Operative entfernung eines acusticus neurinoms unter erhaltung des horvermogens bei preisgabe des ramus vestibularis

Acoustic neurinoma surgically removed, with vestibular disfuntion and auditory preservation

REGISTRO DE CASOS

Neurinoma do acústico operado com conservação da audição e sacrifício do ramo vestibular

Acoustic neurinoma surgically removed, with vestibular disfuntion and auditory preservation

Operative entfernung eines acusticus neurinoms unter erhaltung des horvermogens bei preisgabe des ramus vestibularis

Carlos Gama

Chefe da Clínica Neurológica e Neurocirúrgica da Santa Casa de São Paulo (F. I. C. S.)

SUMMARY

Case report of a successfully removed tumor of the left acoustic nerve, in which audition was not only preserved but actually improved. The 15 years old pacient had a two year history which included frequent vomiting, headache, visual disturbances, paresis of the left abducens nerve, diplopia, left hypoacusia, facial asymetry through paresis of the 7th. nerve, voice changes through pharyngopalatine hemiparesis, loss of pharyngeal reflexes, horizontal - nystagmus, deficient equilibrium as evidenced by the Romberg tests. Liquoric analysis showed albumine-cytological dissociation. Erosion - of the tip of the left petrous bone. Operation performed on October 28, 1947, after Jaeger's technique, through a small retromastoideal non osteoplastic craniotomy. Intracapsulary removal of a rounded (3 cm. diameter), hard, smooth, grayish tumor mass, followed by excision of a cyst containing xanthochromic fluid, and removal of the capsule. Histologic examination confirmed the diagnosis of neurinoma. Excellent recovery after operation.

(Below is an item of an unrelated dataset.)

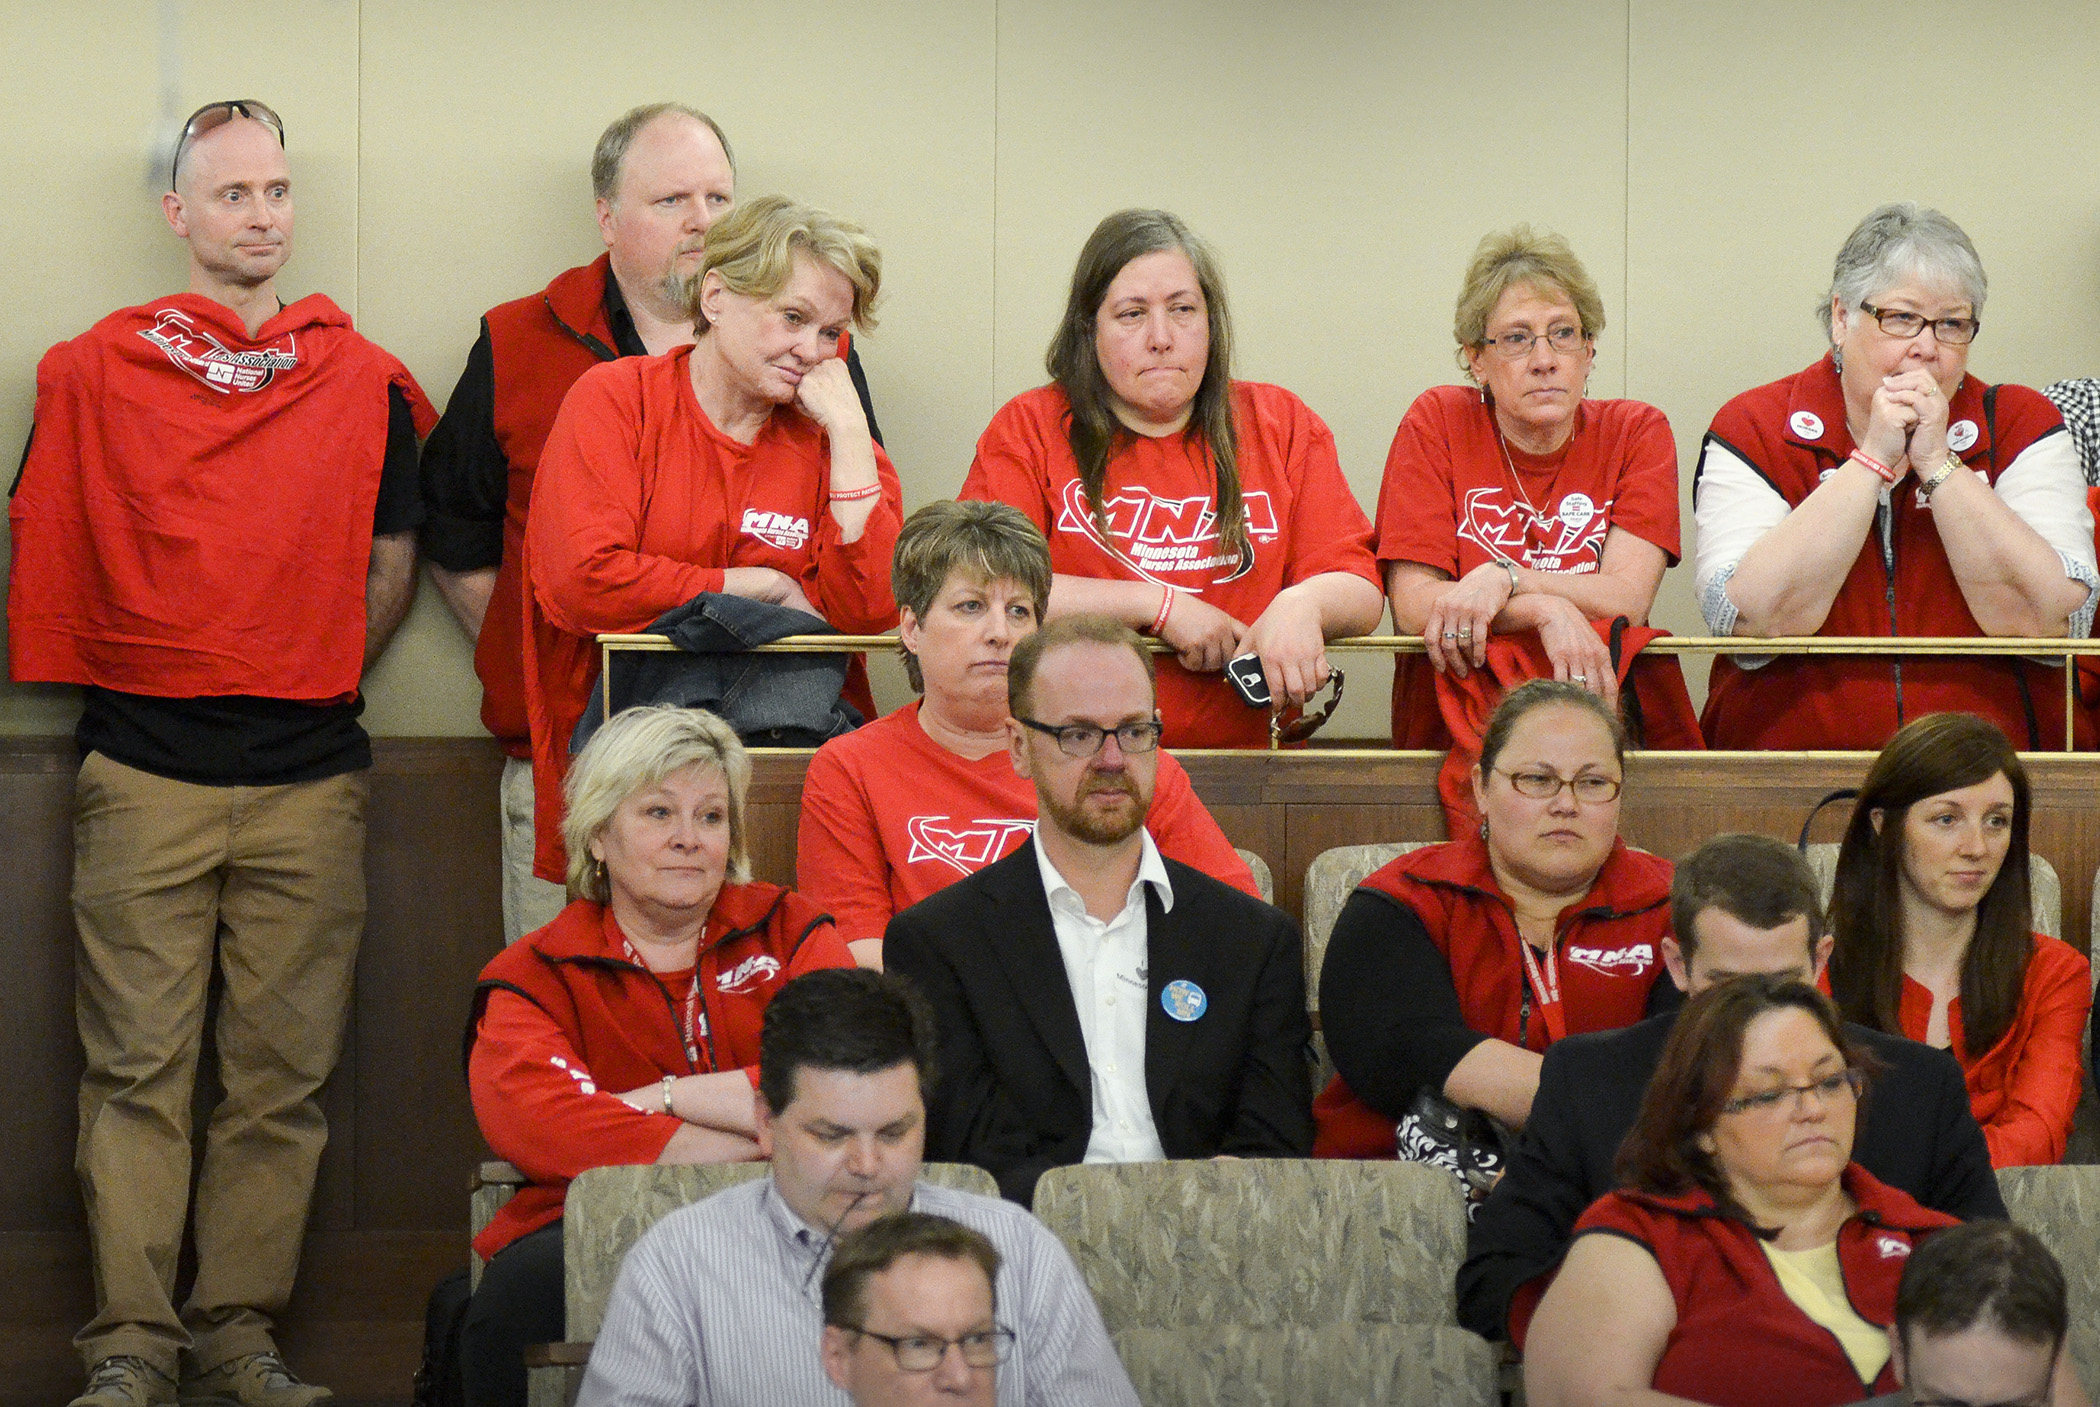 Donning red shirts, members of the Minnesota Nurses Association listen to testimony during the April 16 informational meeting of the House Health and Human Services Finance Committee on HF1654, a bill that would require hospitals to provide staffing levels consistent with nationally accepted standards. Photo by Andrew VonBank

After about nine months there is only left a slight dishability of the left hand. Careful repeated examinations reveal that the cochlear division of the left 8th is intact, while the vestibular part is lost (audiometry practically normal; absence of reactions to the caloric test). Left facial and abducens nerves show normal function.

ZUSAMMENFASSUNG

Verf. berichtet fiber die erfolgreiche operative Entfernung eines linksseitigen Acusticusneurinoms in toto bei einem 15 j. Jungen. Das seit 2 Jahren bestehende vielgestaltige Symptomenbild eines raumbeen-genden intracraniellen Prozesses dieses Bezirks mit teils unmittelbaren teils Fernsymptomen wird ausführlich beschrieben. Eine vorangehende, umfassende neurologische Untersuchung, ergànzt durch die ophtalmoskopische, oto-rhino-laryngologische und roentgenologische Kontrolle wird gefordert, um eine frühzeitige Erkennung des Tumors zu erreichen und den Sitz der Geschwulst möglichst exakt vorherzubestimmen. Das verbürgt bereits wesentlich den Erfolg des verbesserten operativen Vorgehens und vermindert erheblich die Gefahren fürden Patienten. Technik und Modifikationen der Operationsmethode werden eingehend geschildert, wobei sich nach den Erfahrungen des Verfassers die Methode nach Jaeger/Philadelphia bisher am best en bewährt hat. Bei dem hier beschrieben Fall, der bisher 1 Jahr lang p.op. beobachtet werden konnte, schwanden nach der geglückten Operation nicht nur die subjektiven Beschwerden fast völlig, sondern es kam darüber hinaus zu einer wesentlichen Besserung des vorher erheblich beeinträchtigten Horvermogens auf der betroffenen Seite. Ausserdem übernahm das bei dieser Operationsmethode vollkommen erhaltene Kleinhirn später die Funktionen des infolge des Tumors ausgefallenen Vestibular apparates. Diese Erfolge rechtfertigen den nachdrücklichen Hinweis auf die Notwendigkeit und die Vorteile der Frühdiagnose und somit der erfolgreichen Frühoperation.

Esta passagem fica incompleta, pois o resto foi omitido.